Je cherchais juste un mot, comme je disais. On un tableau, ou un livre. Seulement le titre, parfois. Comme Heart of Darkness, ou Under the Autumn Star. Comment commençait-elle déjà, cette merveilleuse histoire ? Jetons-y un coup d'œil. Je lisais quelques pages, puis je jetais le livre à terre. Inimitable. Et moi, comment avais-je commencé ? Je relisais une fois encore le début de mon Paul Morphy imaginaire. Faible, pitoyablement faible. Quelque chose tombe de la table. Je me baisse pour le ramasser. Je suis à quatre pattes et une fente dans le parquet m'intrigue. Quoi ? Je reste là, comme si j'attendais qu'on me « couvre », comme une brebis. Les pensées tourbillonnent dans mon citron et s'échappent par le petit trou du sommet de mon crâne. J'attrape un bloc-notes et je jette quelques mots. D'autres idées, encore des idées harcelantes. (C'est une boîte d'allumettes qui était tombée de la table.) Comment introduire ces idées dans le roman ? Toujours le même dilemme. Puis je pense à Twelve Men. Si seulement je pouvais mettre quelque part un petit paragraphe qui ait la chaleur, la tendresse, le pathétique de ce chapitre sur Paul Dressler. Mais je ne suis pas un Dreiser. Et je n'ai pas de frère Paul. Elles sont loin, les rives de la Wabash. Loin, plus loin que Moscou ou Kronstadt, ou la chaude et profondément romantique Crimée. Pourquoi ?

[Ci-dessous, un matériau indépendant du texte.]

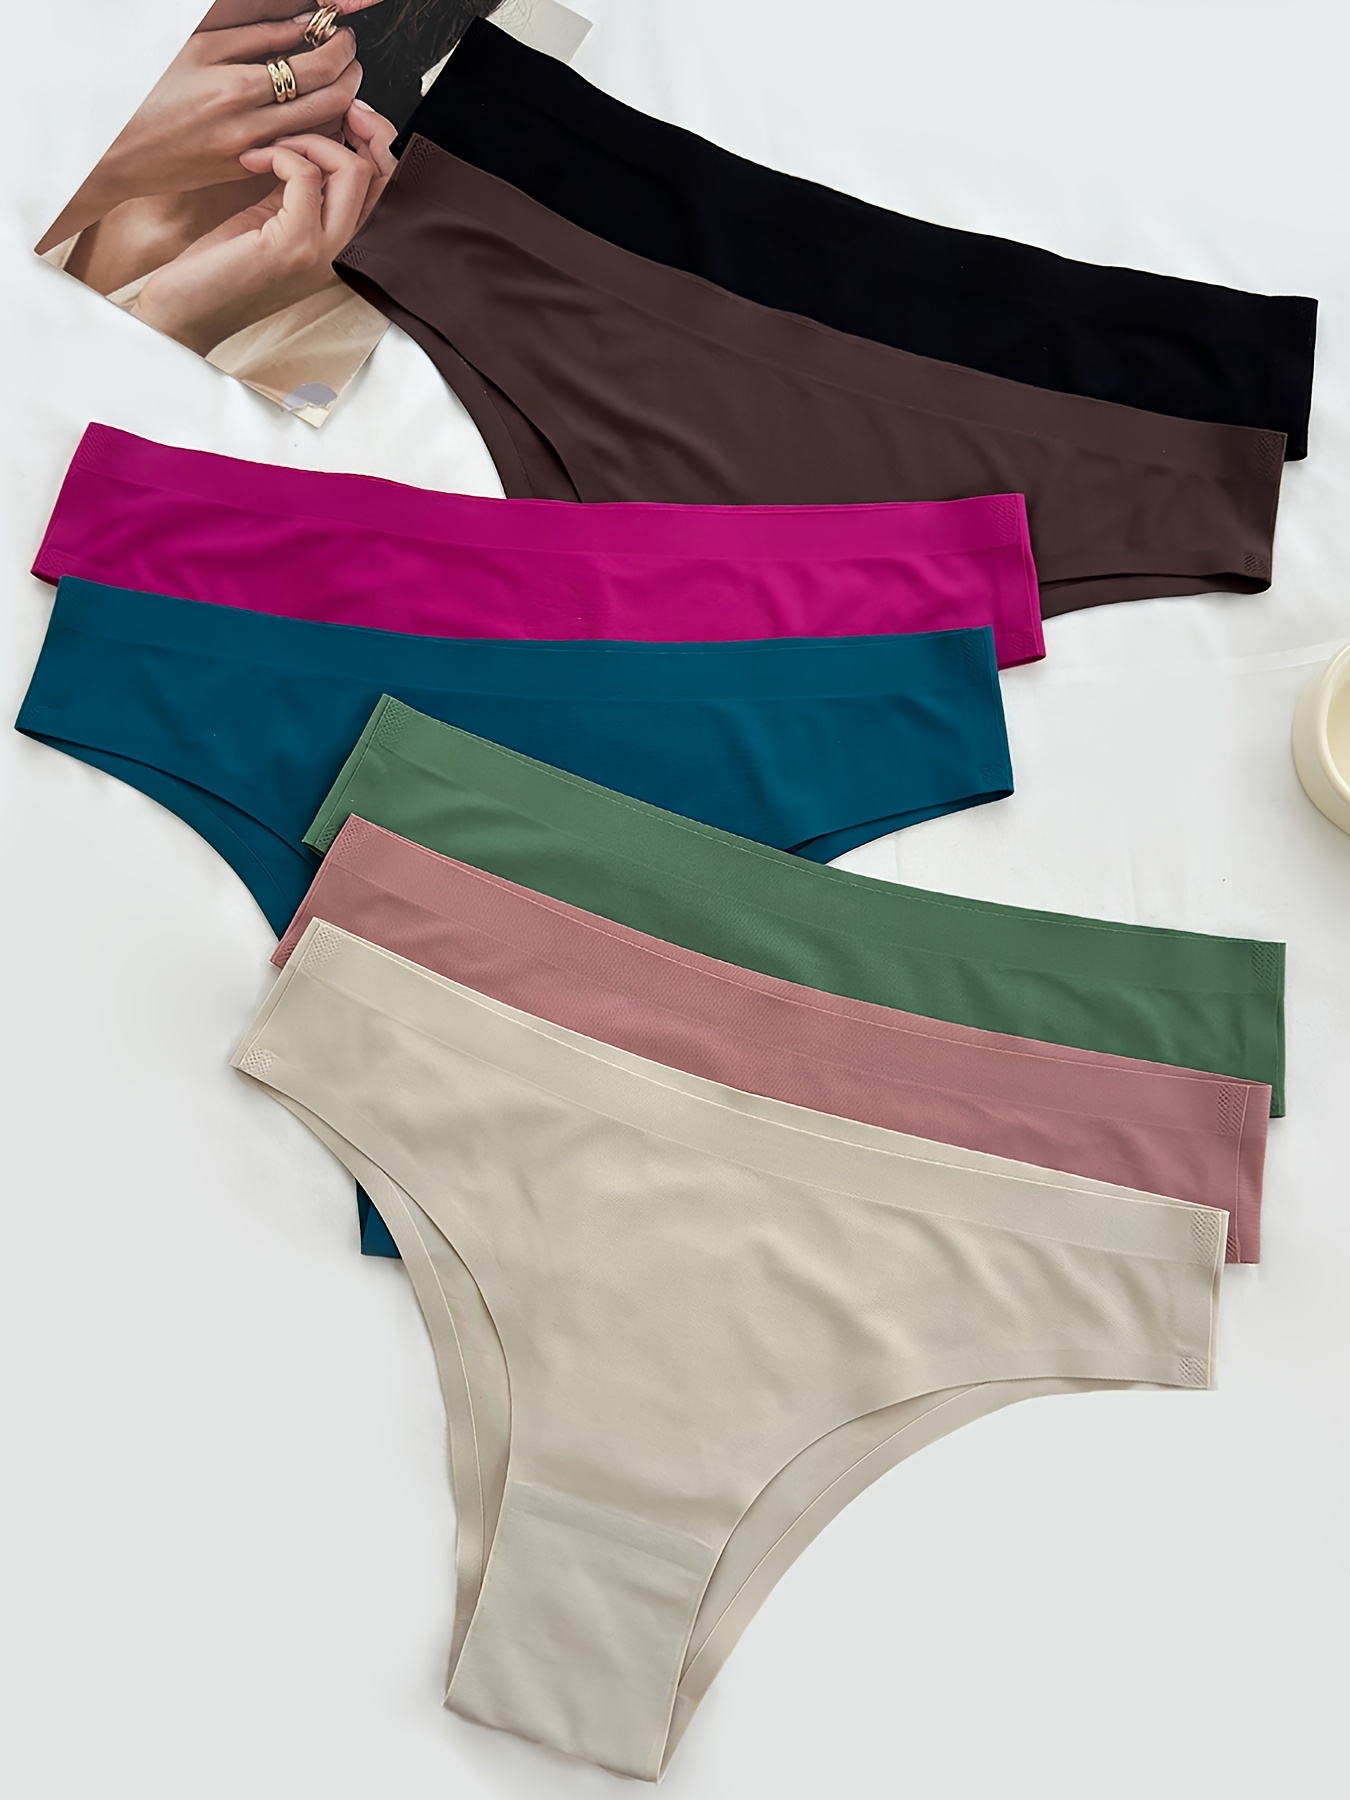 Hipster Underwear 7-Pack for Girls

Russie, où nous conduis-tu ? Plus loin ! Ech konee, konee !
Je pense à Gorky, au mitron, le visage enfariné, et au gros paysan (en chemise de nuit) qui roule dans la boue avec ses truies bien-aimées. L'Université de la vie. Gorky : mère, père, camarade. Gorky, le vagabond bien-aimé : qu'il vabagonde, pleure, pisse, prie ou jure, il ne cesse d'écrire. Gorky qui écrit dans le sang. Un écrivain authentique comme le cadran solaire...
Je dis que je veux juste regarder un titre.
Et ainsi, comme un concerto de piano pour la main gauche, la journée glissait. Je pouvais m'estimer encore heureux s'il en sortait une ou deux pages. Écrire ! C'était pire que d'arracher un sumac par les racines. Ou de tirer des betteraves.
Quand elle me demandait, de temps en temps : « Comment ça marche, Val chéri ? » j'avais envie de me prendre la tête entre les mains et de chialer.
— Ne te force pas, Val.
Mais j'ai forcé. J'ai poussé et poussé jusqu'à ce qu'il ne reste plus une goutte de caca en moi. Souvent, c'est juste au moment où elle annonce : « Le dîner est servi ! » que le flot commence. Merde ! Peut-être après dîner. Peut-être quand elle sera couchée. Mañana.
A table, je parle de l'œuvre comme si j'étais un autre Alexandre Dumas ou un Balzac. Toujours de ce que j'ai l'intention de faire, jamais de ce que j'ai fait. J'ai un véritable génie pour l'impalpable, pour le chaotique, pour ce qui n'est pas encore né.
— Et toi, qu'as-tu fait de ta journée ? demandé-je parfois — plus pour échapper aux démons qui me torturent que pour entendre les banalités que je connais déjà par cœur.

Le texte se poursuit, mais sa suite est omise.